Reptiles with three chambered hearts express tbx5 throughout their single ventricle.

Mammals, by restricting tbx5 to the left, creates two separate ventricles.

Turtles , somewhere in between in terms of restriction of tbx5 with a gradient of it across the ventricle, has a so called “three and a half chambered heart”.

The “complex structures cannot evolve” argument is a frequent argument that is used by creationists. A relatively recent one from ICR in 2018 claimed with their article “Phenomenally Designed Hemoglobin” in BIG colored letters

“Haemloglobin has always been haemoglobin - there is no evidence it evolved”.

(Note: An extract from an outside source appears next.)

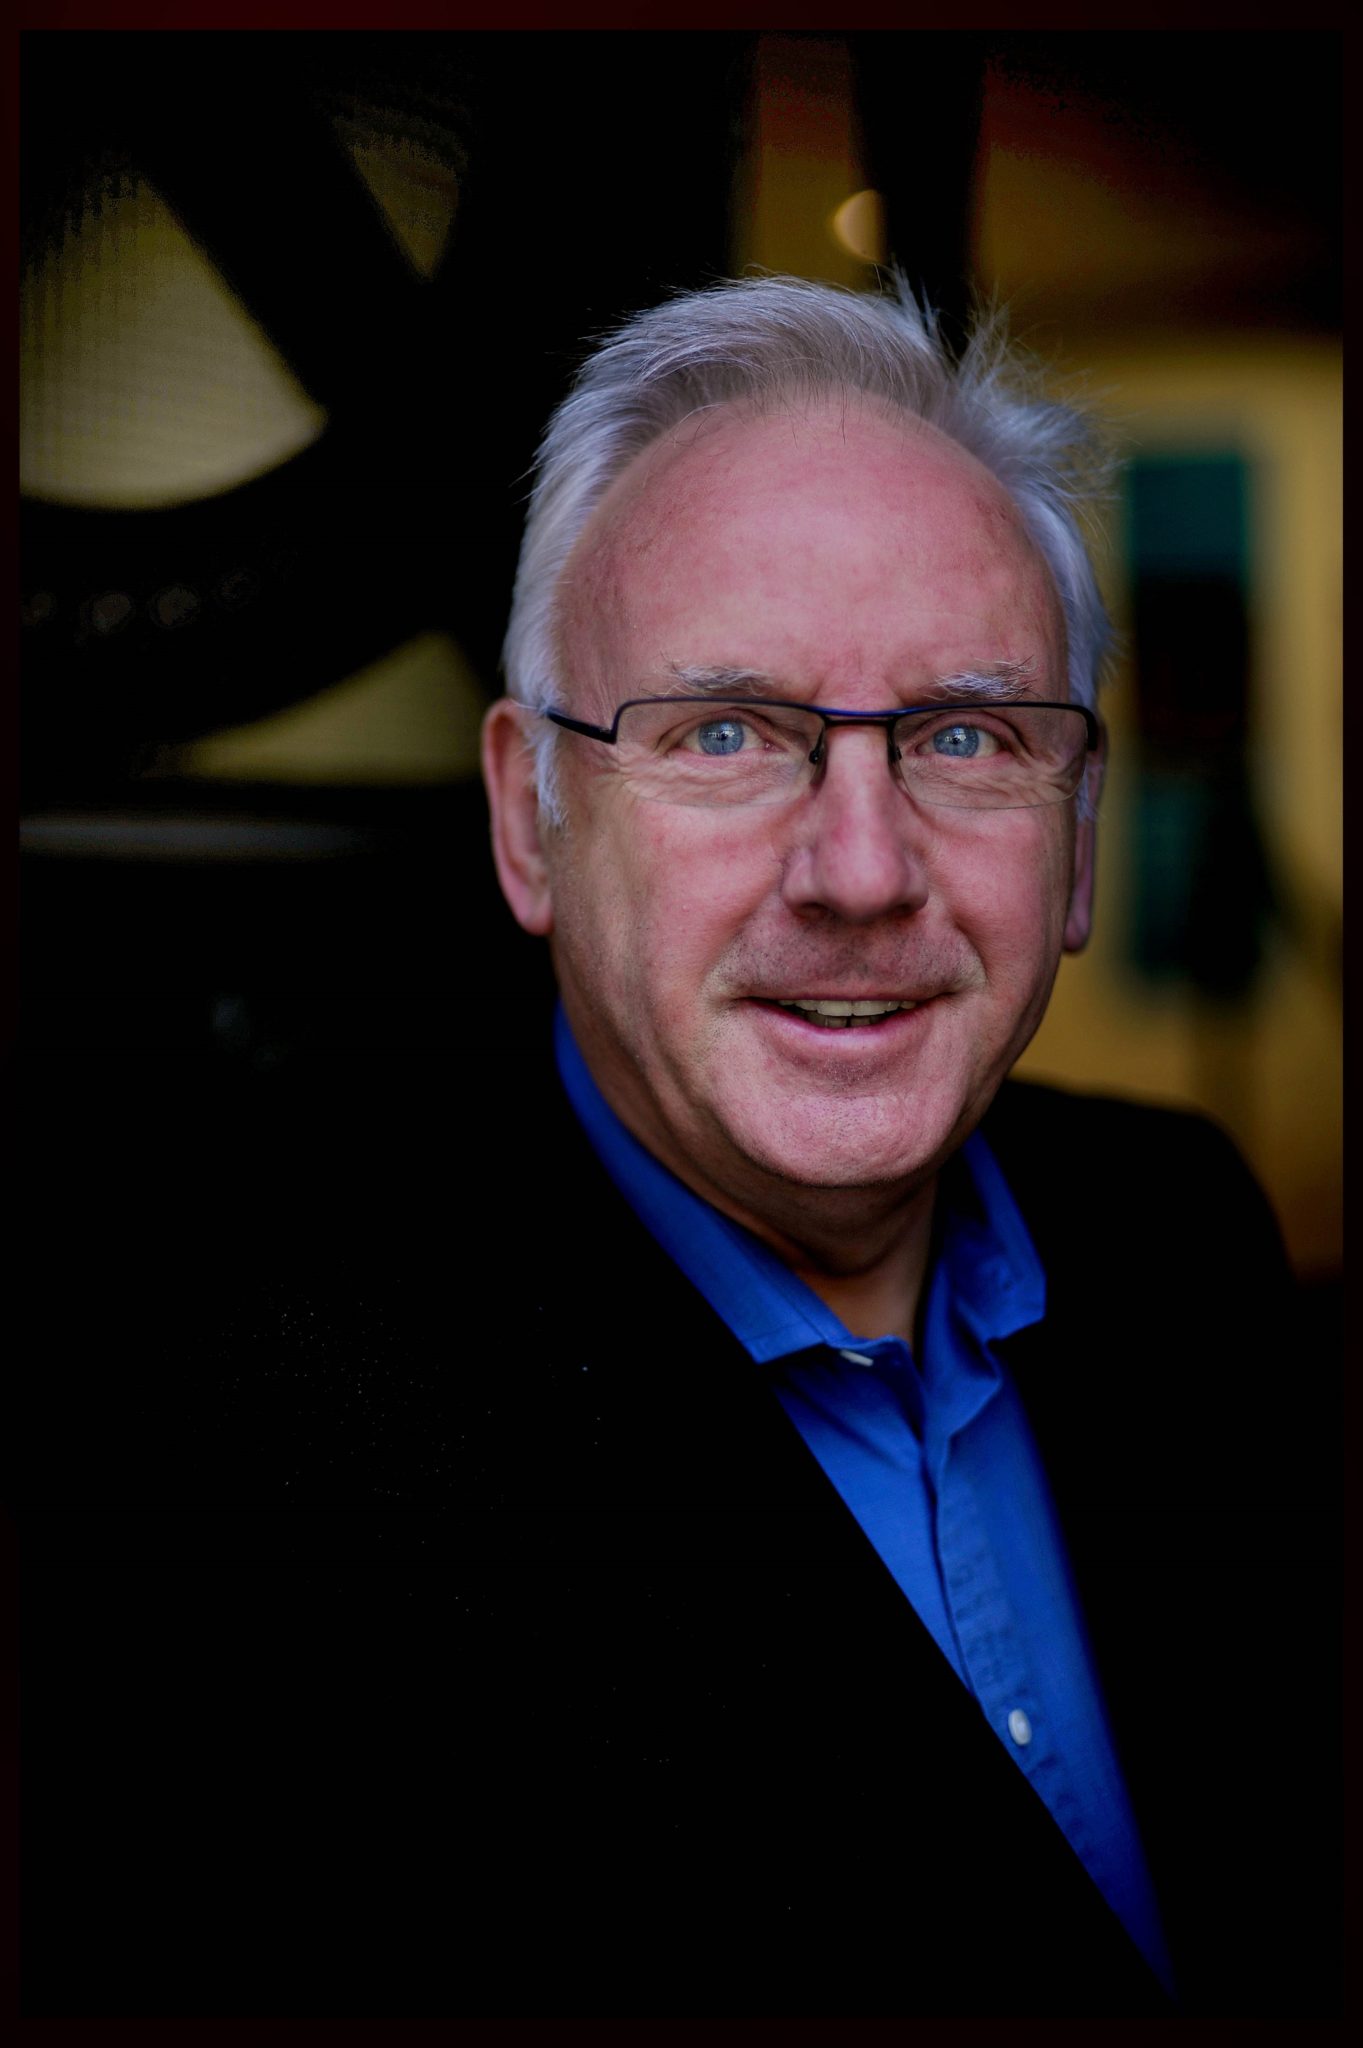 Pete Waterman at The Brindley? We should be so lucky..

Unfortunately, their article, which seems to imply some sort of irreducible complexity argument, has been refuted by recent research and study - haemoglobin evolved from an ancestral ancMH monomer, to homodimer, to heterodimer to our current tetrameric haemoglobin.

Summary here

https://www.nature.com/articles/d41586-020-01287-8

Nature article here

https://www.nature.com/articles/s41586-020-2292-y

Your argument, @scd, that we haven’t seen organs and traits evolve has been debunked just like the debunked haemoglobin claim by ICR.